--unpaper-args and --clean-final

ocrmypdf / OCRmyPDF

OCRmyPDF adds an OCR text layer to scanned PDF files, allowing them to be searched

http://ocrmypdf.readthedocs.io/

Mozilla Public License 2.0

13.56k stars 992 forks source link

--unpaper-args and --clean-final #392

Open sojusnik opened 5 years ago

sojusnik commented 5 years ago

In the release notes it is stated that

The argument --clean-final now implies --clean.

In the documentation however the following commands are shown as an example:

ocrmypdf --clean --clean-final --unpaper-args '--layout double' input.pdf output.pdf ocrmypdf --clean --clean-final --unpaper-args '--layout double --no-noisefilter' input.pdf output.pdf

So are those examples outdated, or do I misinterpret the statement in the release notes, since in those examples --clean could be omitted?

Additionally, in another thread you wrote

I am thinking that I will change the behavior so that --unpaper-args implies --clean and --clean-final.

Do you still plan to implement that?

jbarlow83 commented 5 years ago

--clean-final does imply --clean now. It was useless without.

--unpaper-args implies --clean but not --clean-final. As such the awkward parameters in the docs are correct for the moment.

--unpaper-args might have some practical uses with only --clean, if you disable mask repositioning and are only trying to improve the OCR quality, but I'm concerned that's a fairly narrow use case. It so happens to be the use case of --clean on its own.

jbarlow83 commented 5 years ago

This is a really messy corner of the interface and I'm not too happy with how it currently works, I've decided. I'll have to see if I can come up with something better. Open to suggestions.

githubnavigator commented 5 years ago

I'm thrilled with the new features for unpaper, so I'm glad to see you're still moving ahead on this functionality. My main usage for this is to split two-up scanned pages into 2 separate pages, removing the black edges and centering/deskewing the text onto two new sheets of paper. (I had a problem with that, but I'll post it under a new case.) If there's a way to bake that functionality into ocrmypdf without needing to use unpaper-args, that would be convenient, as I've been struggling with the args.

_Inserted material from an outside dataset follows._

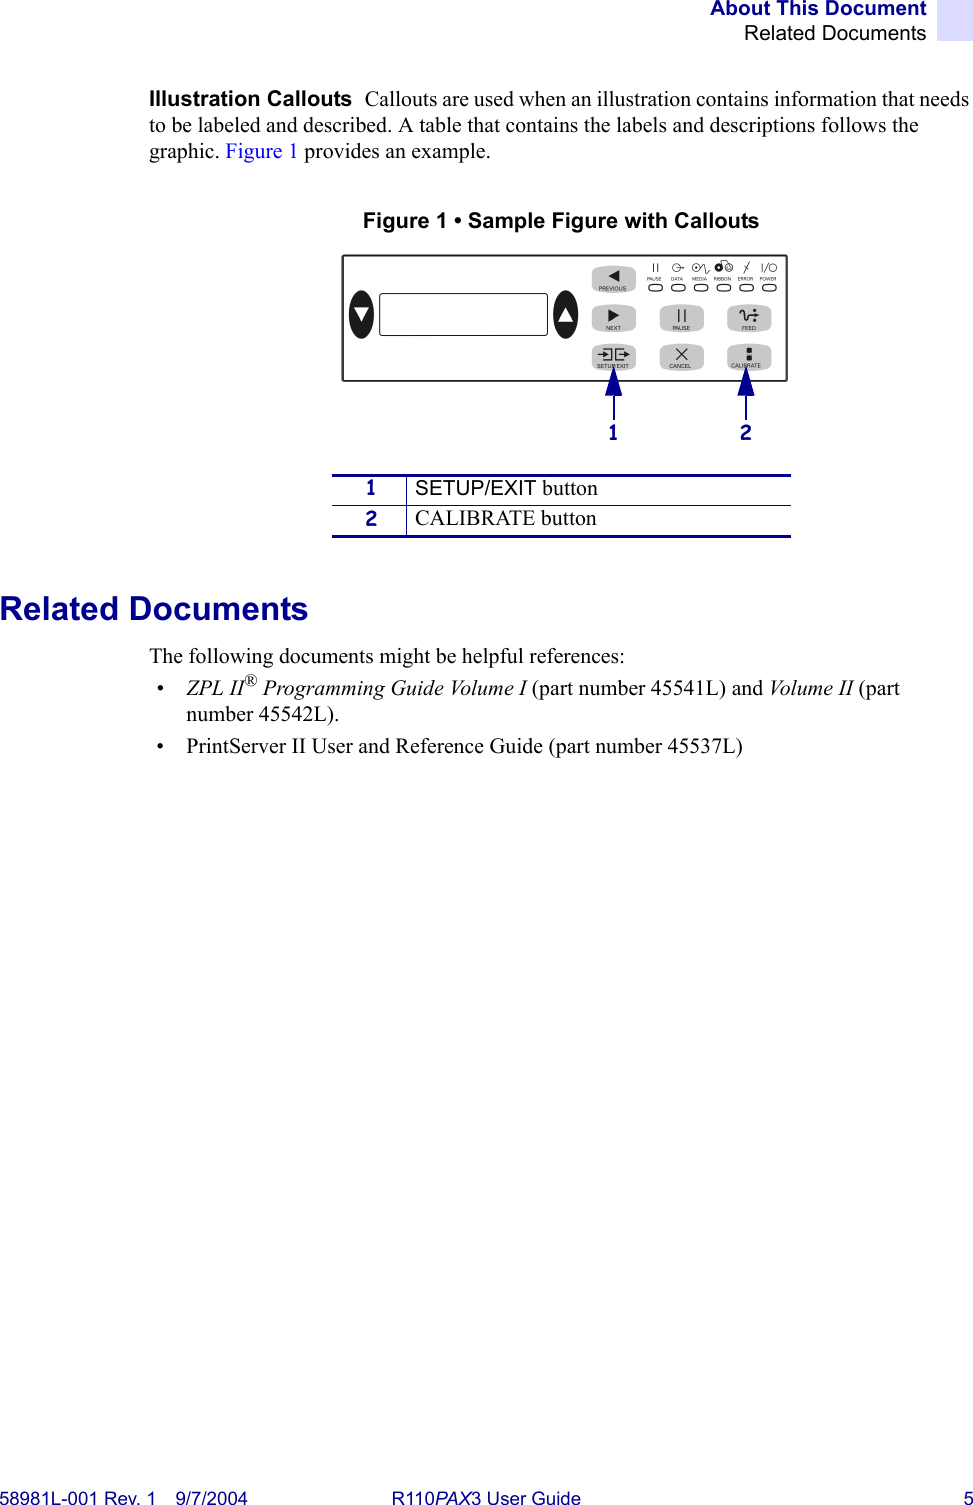 About This DocumentRelated Documents58981L-001 Rev. 1 9/7/2004 R110PAX3 User Guide 5Illustration Callouts  Callouts are used when an illustration contains information that needs to be labeled and described. A table that contains the labels and descriptions follows the graphic. Figure 1 provides an example.Figure 1 • Sample Figure with CalloutsRelated DocumentsThe following documents might be helpful references:•ZPL II® Programming Guide Volume I (part number 45541L) and Vo l u m e  I I  (part number 45542L).• PrintServer II User and Reference Guide (part number 45537L)1SETUP/EXIT button2CALIBRATE button21

jbarlow83 commented 5 years ago

Currently thinking:

A new argument --unpaper will do what --clean --clean-final does now (clean the presentation and OCR images)
--clean --clean-final --unpaper-args will all be removed
A new interface will allow plugins, making it possible to write a short script that has the effect of --unpaper-args. This avoids the messy/error prone nested arguments on the command line and is a lot more powerful. For example Pillow or OpenCV functions could also be used on images. Replicating the existing functionality of --unpaper-args would be a motivating example.

sojusnik commented 5 years ago

Sounds reasonable! I'm wondering how user-friendly the approach with the plugins will be: Does someone have to know how to code to use the unpaper parameters, as we have now with --unpaper-args, or will it be a more or less simple external file with those parameters in it?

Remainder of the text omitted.